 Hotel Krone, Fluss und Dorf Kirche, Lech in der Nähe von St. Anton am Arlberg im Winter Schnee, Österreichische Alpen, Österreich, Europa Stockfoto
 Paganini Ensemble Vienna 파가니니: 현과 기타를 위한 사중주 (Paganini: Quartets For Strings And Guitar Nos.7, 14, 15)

++++++++++

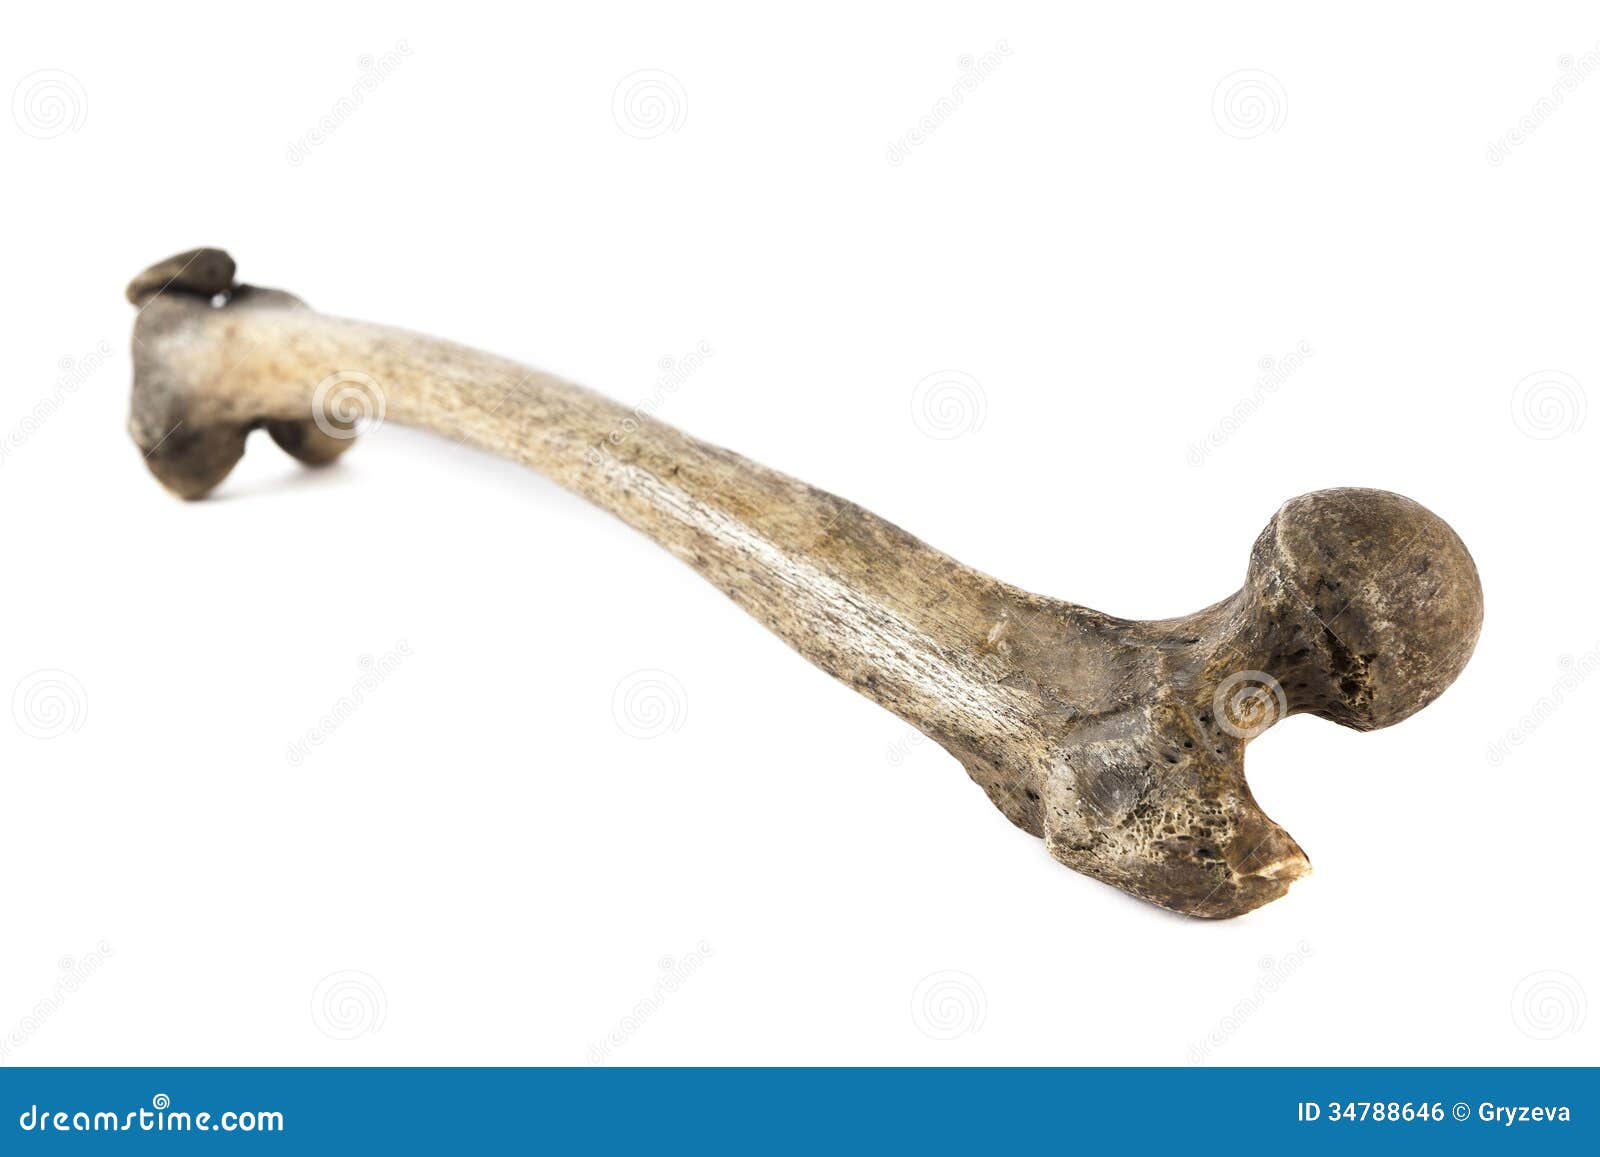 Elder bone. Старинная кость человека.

++++++++++

Copy out the range of lines above starting at the line with "Hotel Krone, Fluss" and ending at the line with "Paganini Ensemble Vienna", exactly and including both.

▶ RESULT:
 Hotel Krone, Fluss und Dorf Kirche, Lech in der Nähe von St. Anton am Arlberg im Winter Schnee, Österreichische Alpen, Österreich, Europa Stockfoto
 Paganini Ensemble Vienna 파가니니: 현과 기타를 위한 사중주 (Paganini: Quartets For Strings And Guitar Nos.7, 14, 15)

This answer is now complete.